→ Your instructions
When you copy the listing, skip the images and return each line verbatim.

→ Data excerpt

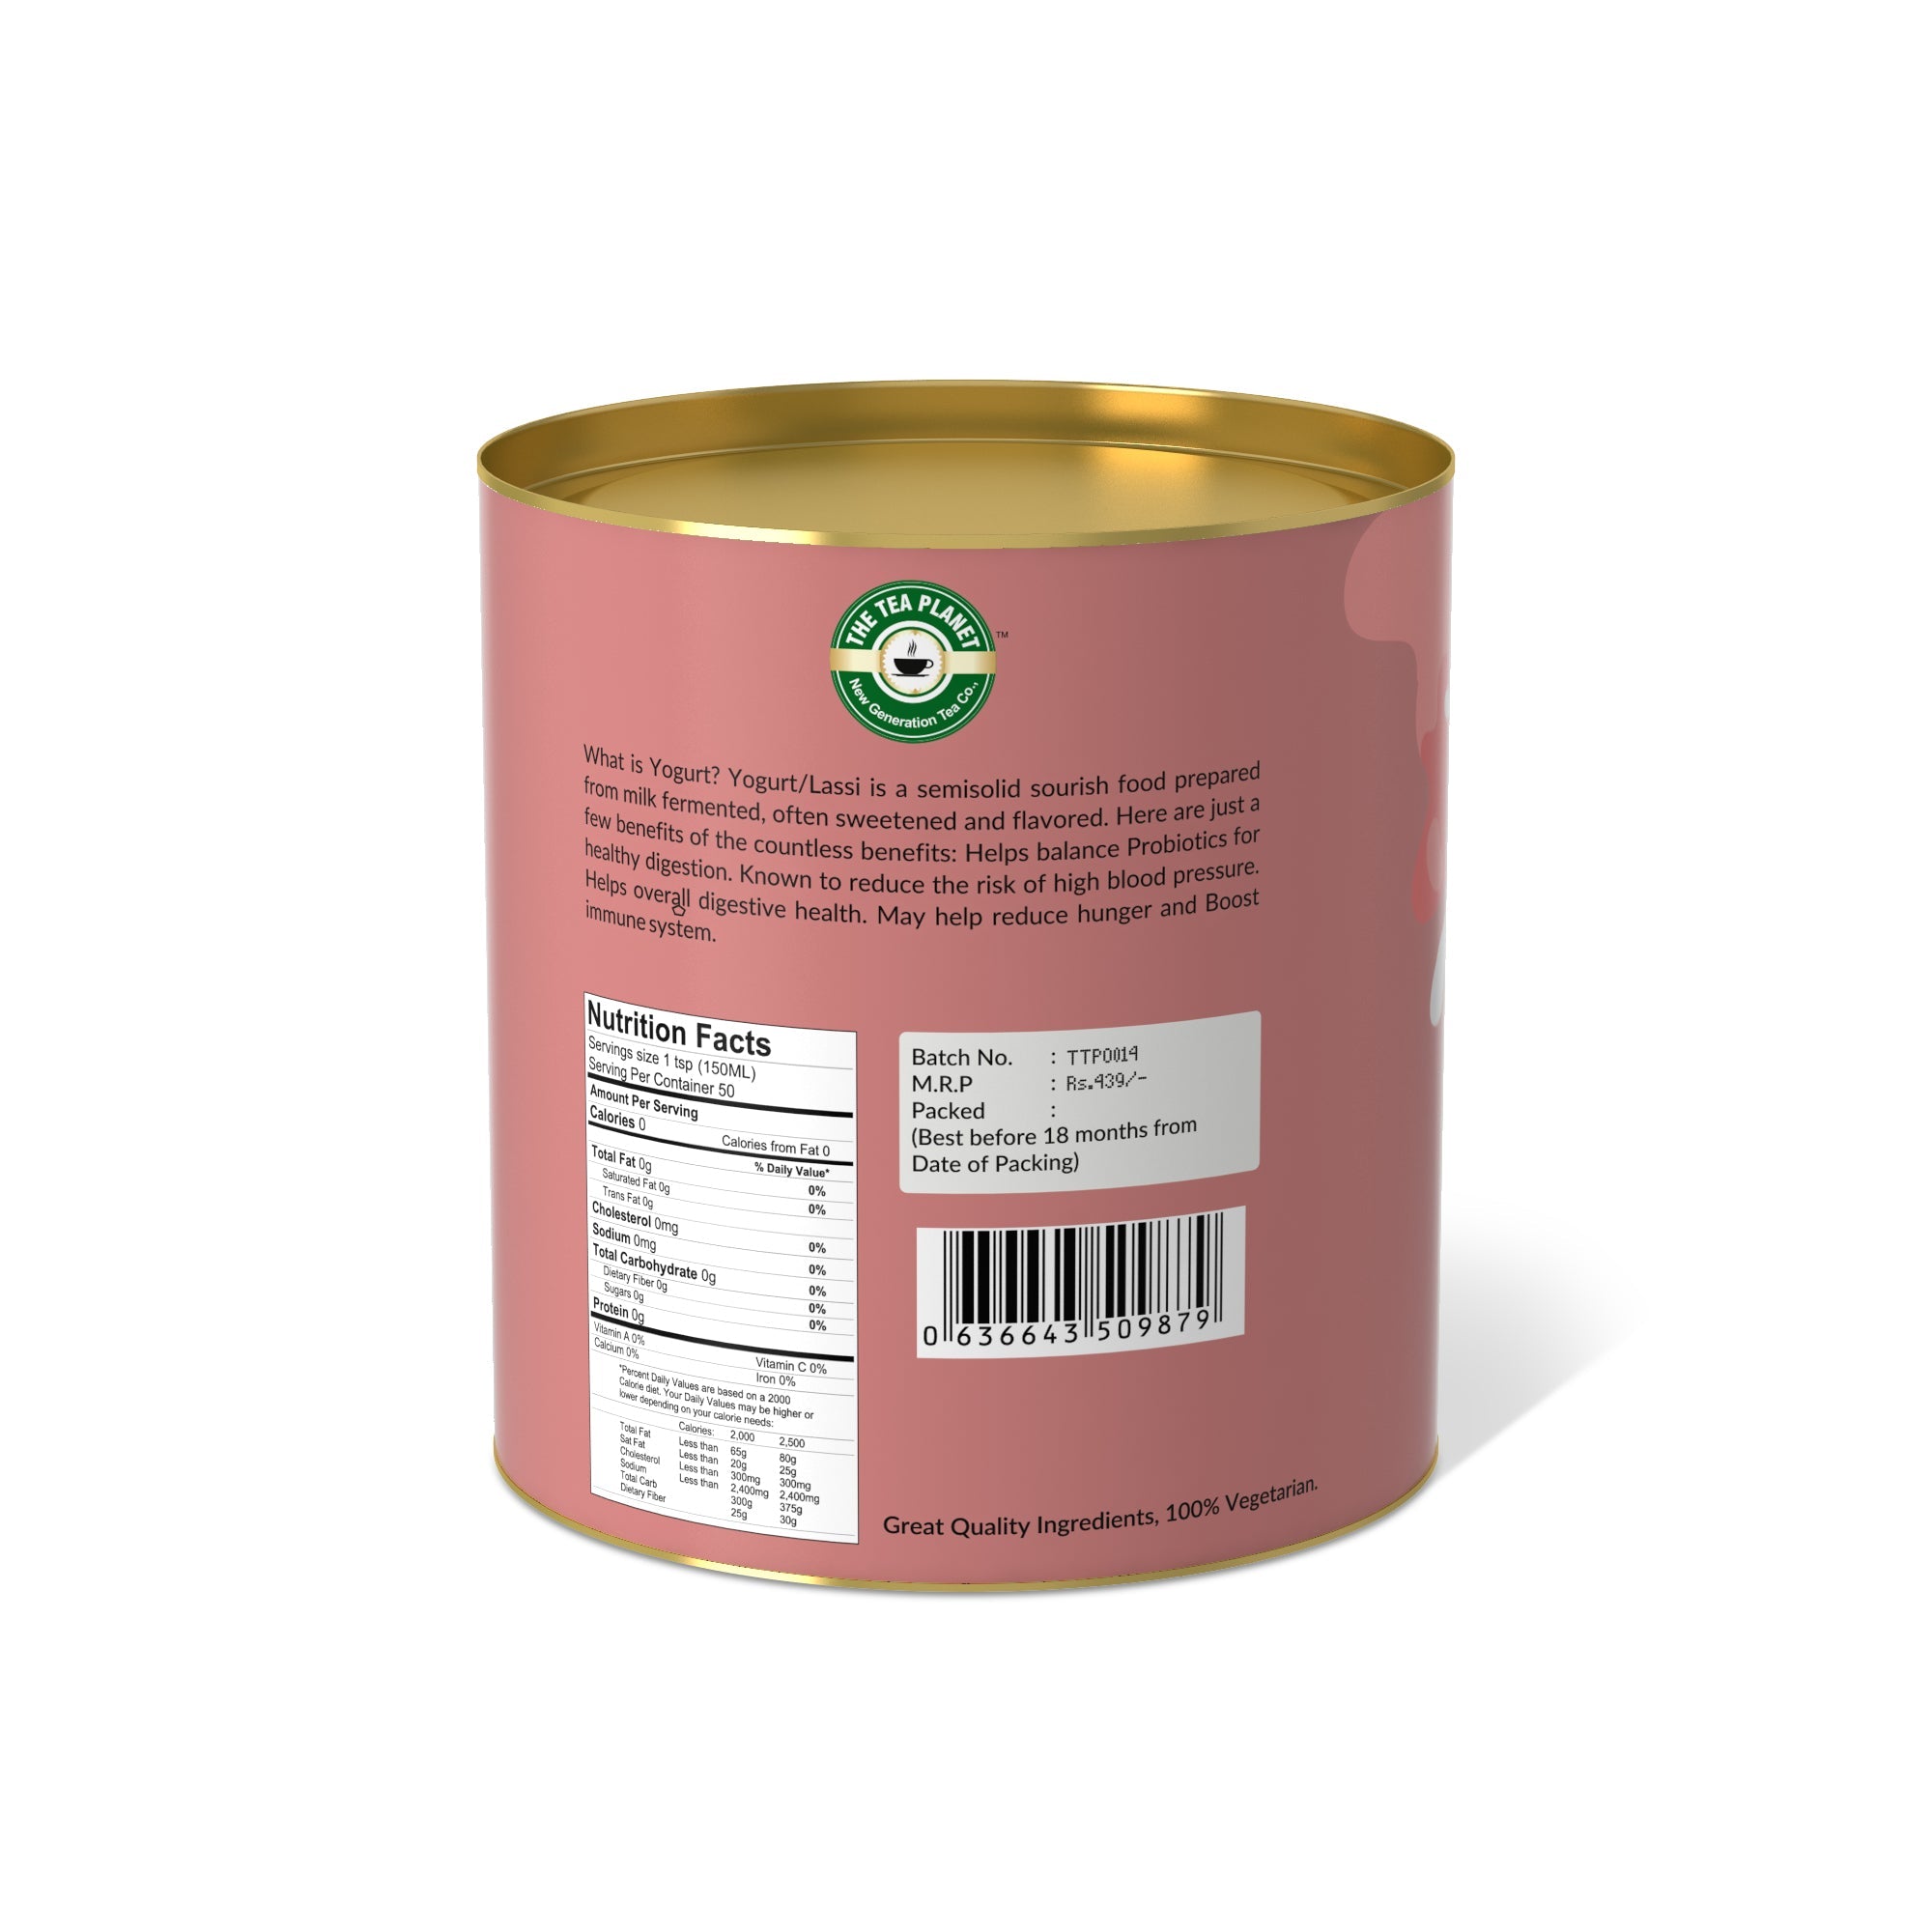 Lychee Yogurt Mix - 250 gms
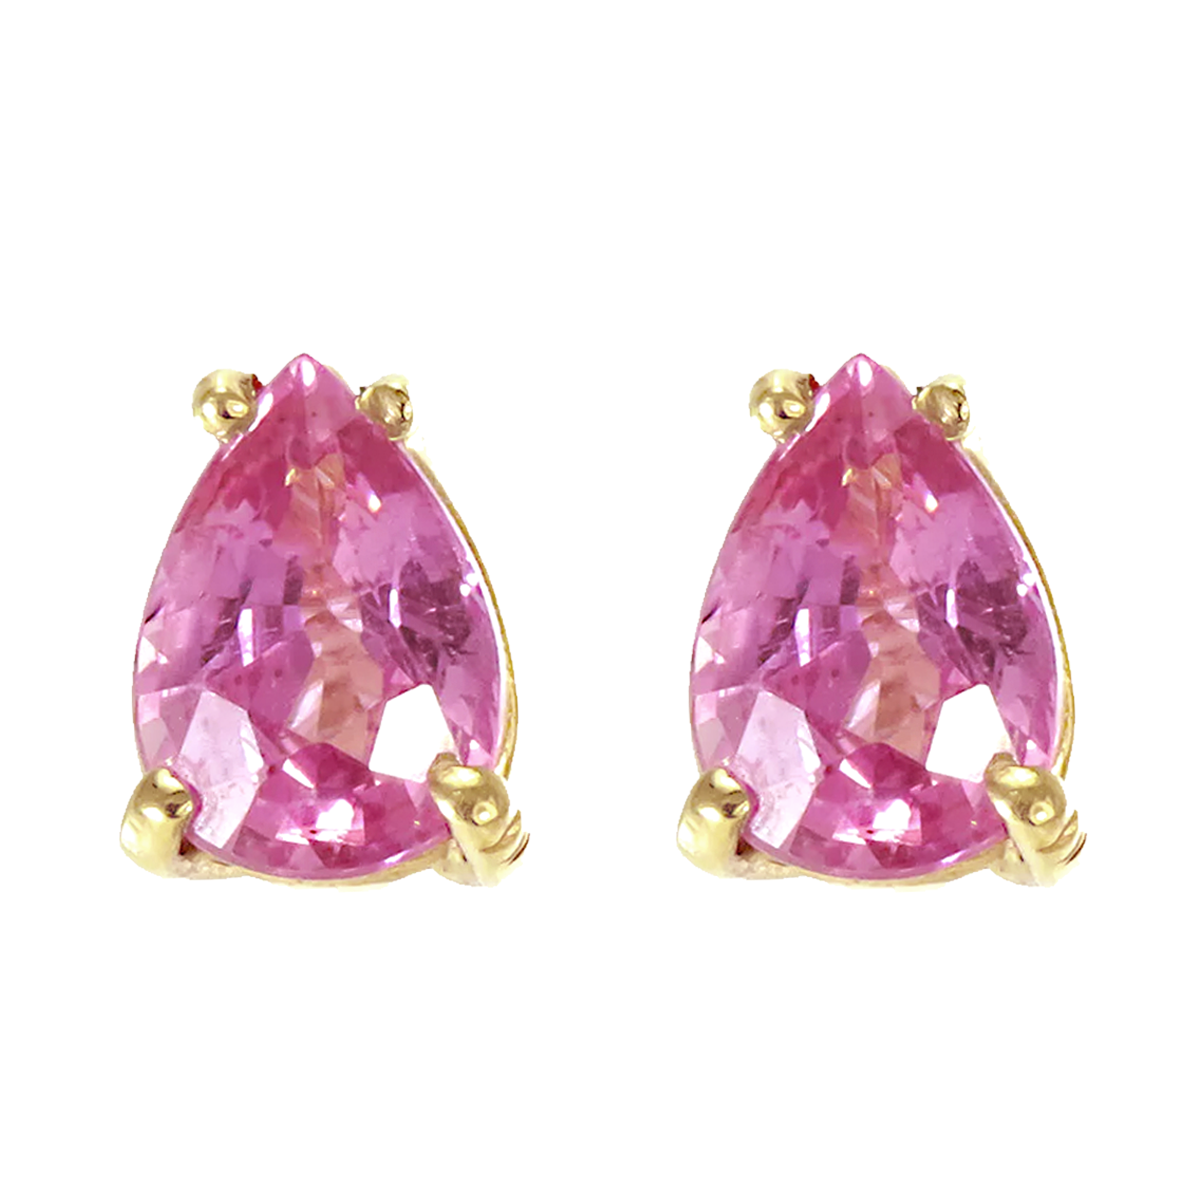 14k yellow gold pear shape pink sapphire stud earrings
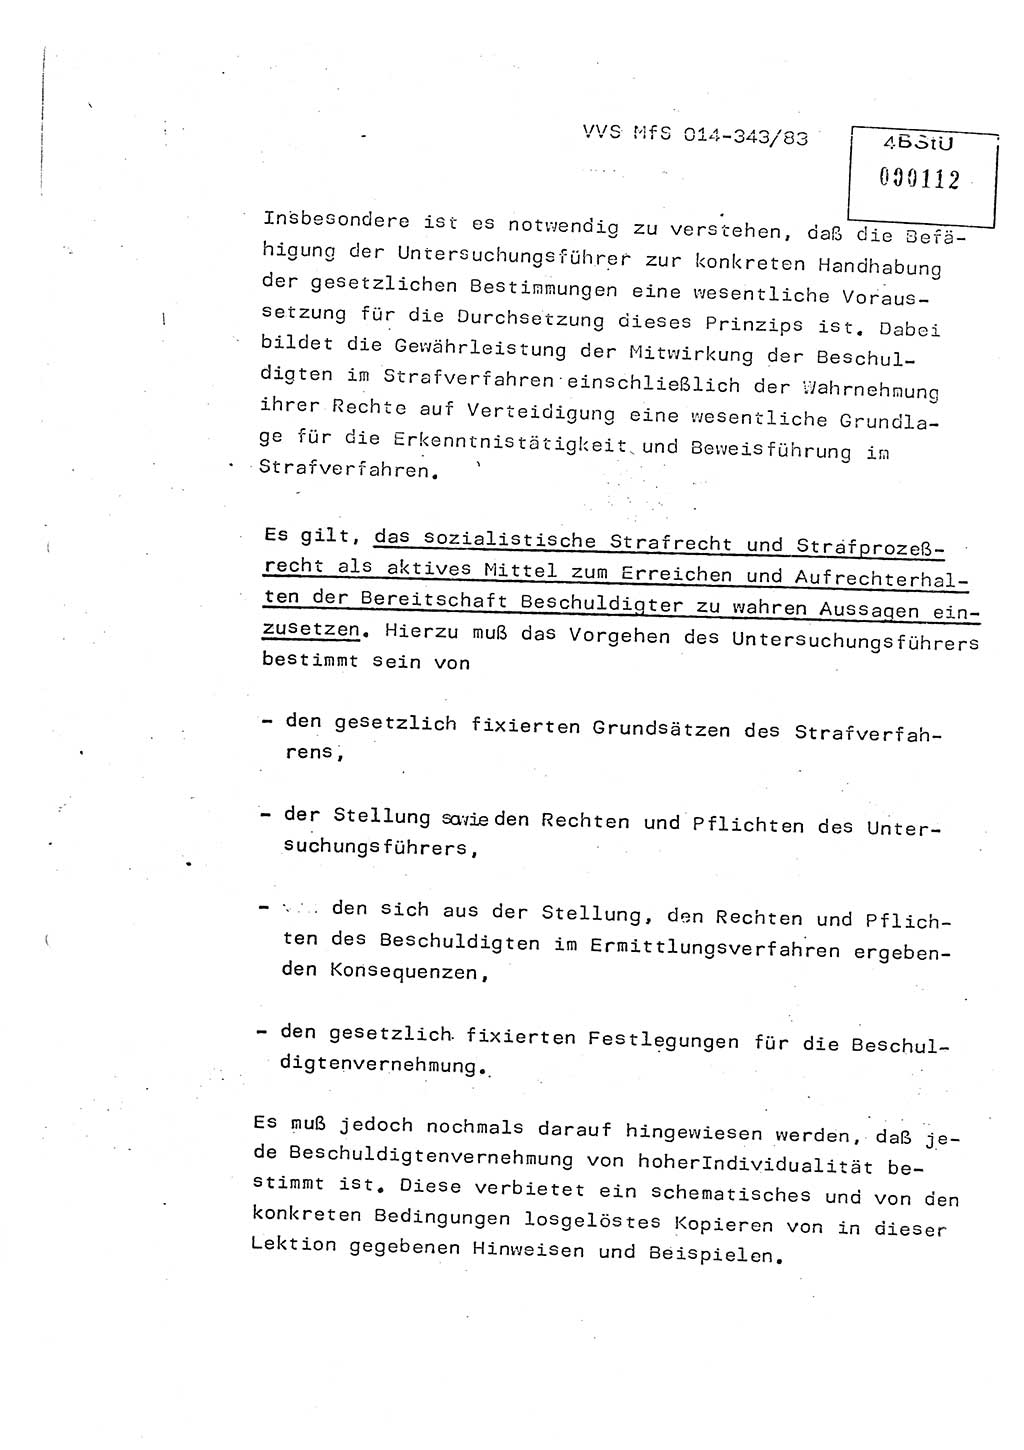 Lektion Ministerium für Staatssicherheit (MfS) [Deutsche Demokratische Republik (DDR)], Hauptabteilung (HA) Ⅸ, Vertrauliche Verschlußsache (VVS) o014-343/83, Berlin 1983, Seite 4 (Lekt. MfS DDR HA Ⅸ VVS o014-343/83 1983, S. 4)

→ Written reply
 Lychee Yogurt Mix - 250 gms
 14k yellow gold pear shape pink sapphire stud earrings
 Lektion Ministerium für Staatssicherheit (MfS) [Deutsche Demokratische Republik (DDR)], Hauptabteilung (HA) Ⅸ, Vertrauliche Verschlußsache (VVS) o014-343/83, Berlin 1983, Seite 4 (Lekt. MfS DDR HA Ⅸ VVS o014-343/83 1983, S. 4)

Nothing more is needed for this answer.